Defers are still called when the stack is unwound due to a panic. It's standard practise to clean up resources with a defer, so maybe it wouldn't be too unreasonable if you're mainly dealing with the standard libraries.
Would you bet your phone switchboard, nuclear plant or assembly line to that strategy?
Go is very much a work in development, it is a vast improvement over C but I highly doubt that this strategy will get you out of every corner case. It might get you from 'crash now' to 'crash a (little) while later' but I think you will still end up having an unpredictable element in there. It all depends on how ugly the crash is and once things become unpredictable leakage (even between go-routines) is not to be ruled out categorically.
Think of erlang processes to be about as well isolated as unix processes and think of go processes to be a bit more isolated than unix threads but not much more. The trick here is that erlang is essentially an OS inside a process and that go-routines are co-operative multi-tasking inside a process aided by one or more cpu threads. That's a lot closer to the C multi-threading model than erlang and that implies there are some risks.

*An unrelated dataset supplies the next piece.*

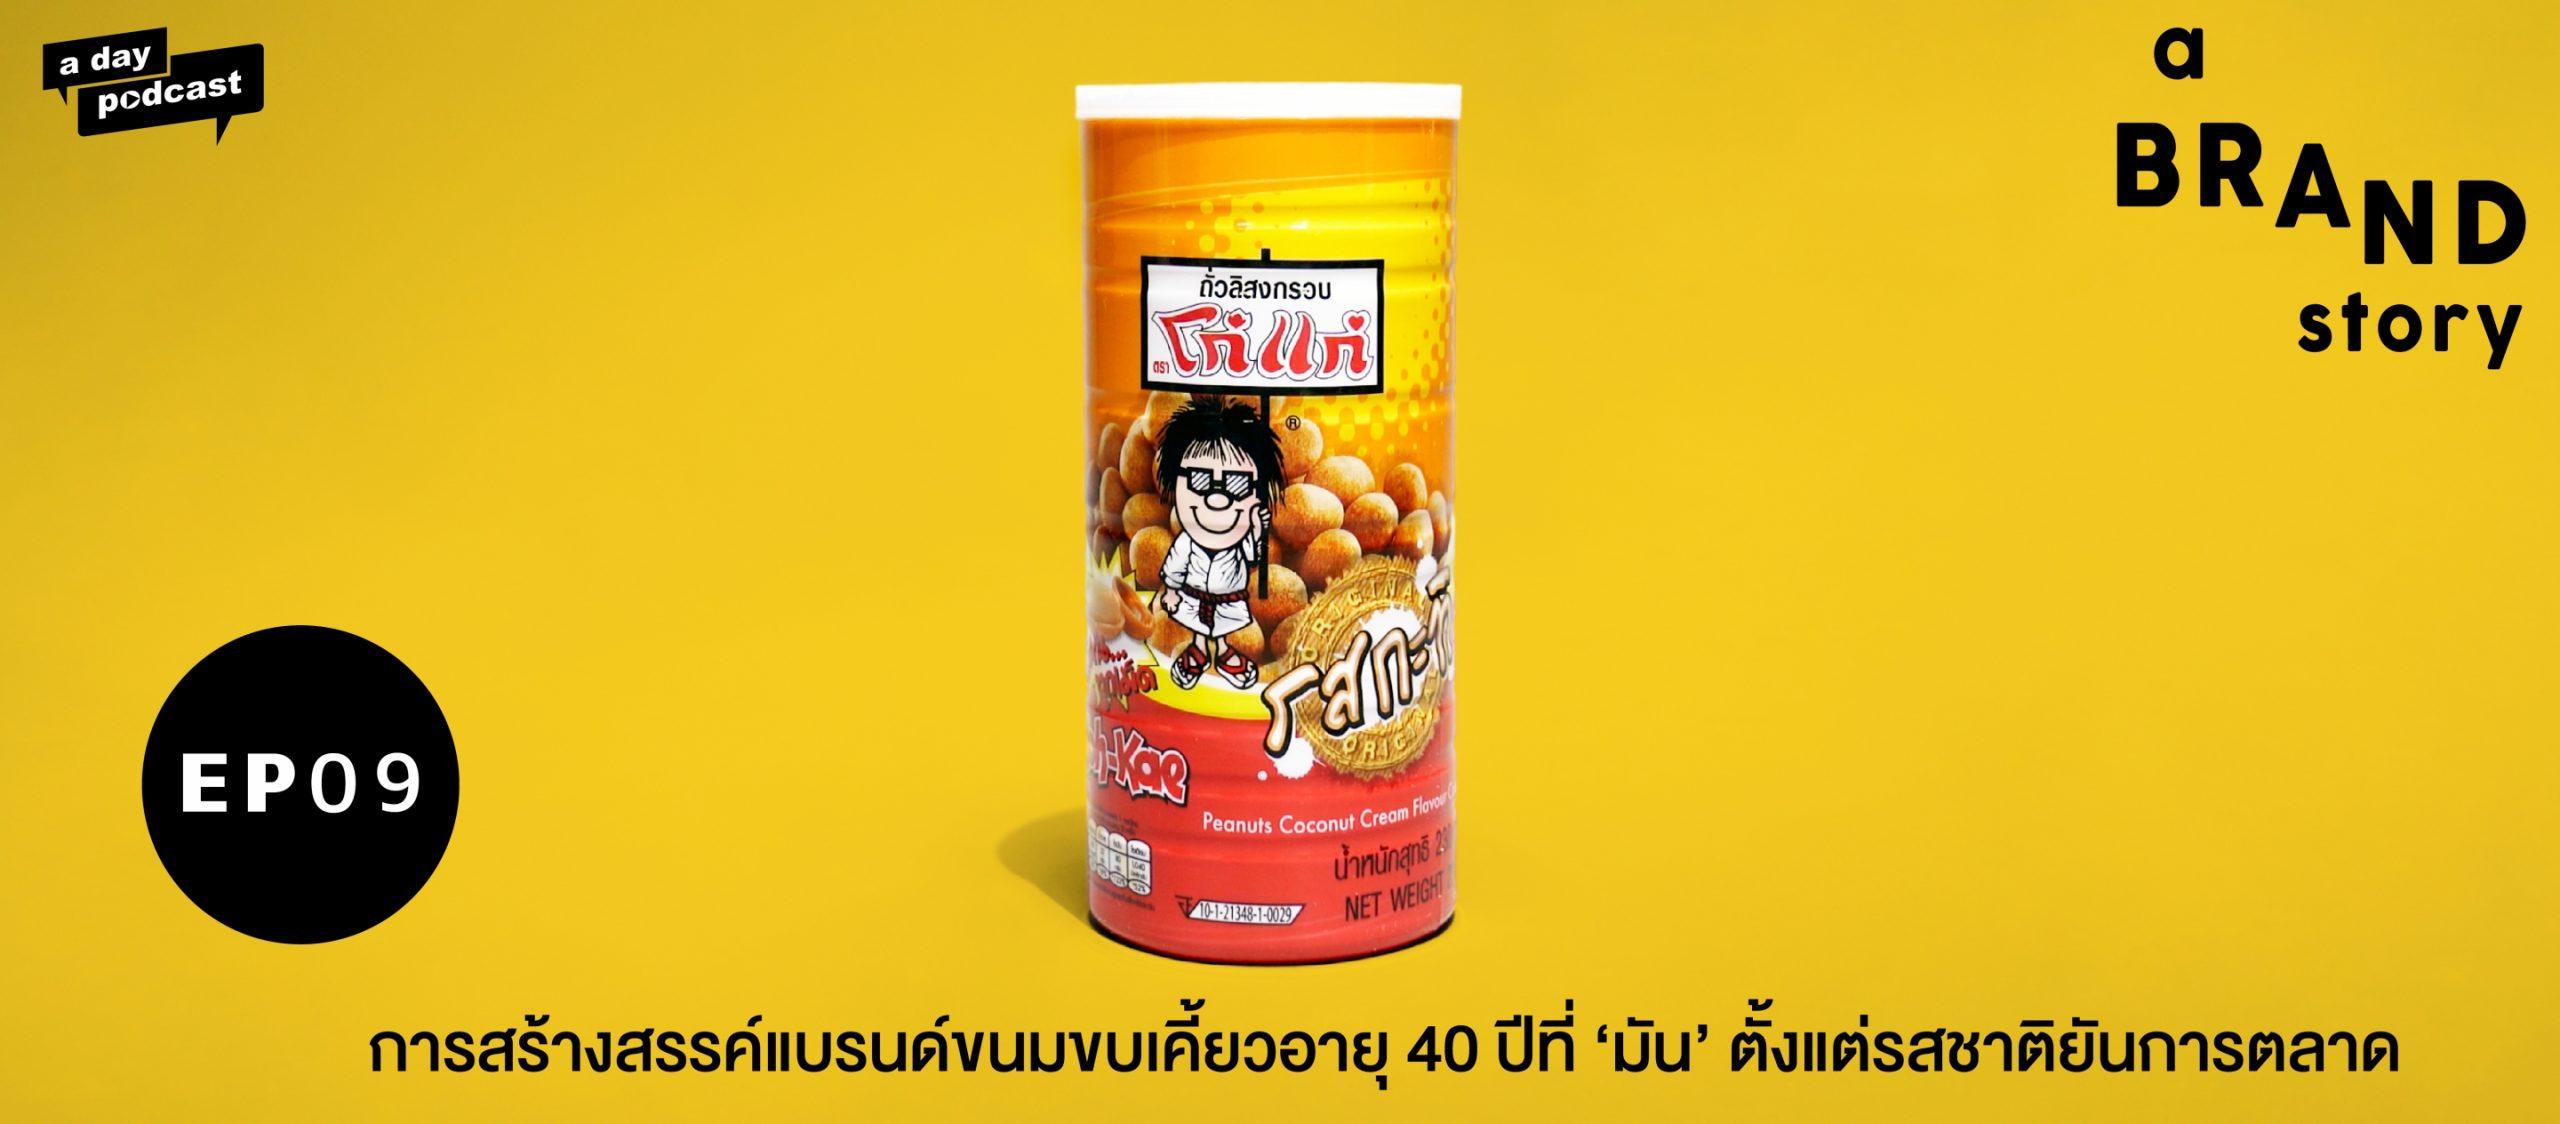 a BRAND story EP.09 การสร้างแบรนด์ขนมขบเคี้ยวอายุ 40 ปีที่ 'มัน' ตั้งแต่รสชาติยันการตลาด | โก๋แก่

It's worth noting that Erlang is only a soft-realtime language. I wouldn't bet my nuclear plant and only some assembly lines on it. (There's plenty I do bet on Erlang, though.)
Soft is the new hard ;-) If you reason about hard realtime you pretty soon end up with the question: how high can the probability be that it misses a deadline. If you run on modern embedded CPU's with pipelines and caches its often all you can do (I am aware that some are modeling the CPU with caches, memory and everything to achieve 100% but thats very expensive and if you switch CPU's there is half a year worth of modeling down the drain)
The real world hard realtime systems often are built like: lets test it (with deadline miss triggering a failure) and if it works make sure we still have 10% of safety margin (which will later be melted down because of features ;-)
That's valid, hard real time problems require guarantees that erlang can't give, that was an unwarranted exaggeration on my part. But anything that needs to be very long running (years or more) will need ironclad guarantees that it won't be leaking resources and I can't prove but suspect that erlang will do a lot better than go for those applications. Let's leave the nuclear plants and the assembly lines to RTos and QnX then :).
"require guarantees that erlang can't give" ... at the moment, working on it.
In the meantime note that the percentage of stuff that really needs hard realtime in many systems is quite low. What I do at the moment is run Erlang on RTEMS (see my other posts) keep the hard realtime parts as simple as possible (always a good idea), write them in C and run them on a higher prio than the Erlang runtime which handles all the complicated things. Works like a breeze in practice
I have a project planned which when funded will give us hard realtime guarantees for certain Erlang processes.
This can only work of course if the underlying OS is also hard realtime capable. I have ported Erlang to the open source RTEMS http://www.rtems.org already. More details under http://www.grisp.org (sorry website not up to date but soon will be).
It's an interesting question. I think you'd need at least:
* a way to define scheduling requirements on a process level (beyond current, coarse, priority settings),
* bounded process message queues (this would be handy in soft-realtime Erlang),
* deadline accurate receives,
* accurate control over resource allocation
I've been meaning to sit down with some theory and think through this more analytically, but the above are my BART thinking-time derived set of requirements. I'm sure there are cases--some which would be obvious, in retrospect--that are not covered by the above.
You'd have to run erlang directly on the hardware without an intermediary OS and you'd have to schedule the individual erlang processes using pre-emption and by giving them priorities. You'd also have to add a ready-list per priority.
After all, as long as BEAM is running as a child process of a host os that is not hard realtime you can't guarantee much of anything.
Of course. Apologies, I assumed that was a given. A large part of the appeal of Erlang the Language is Erlang the VM and the two aren't often divorced.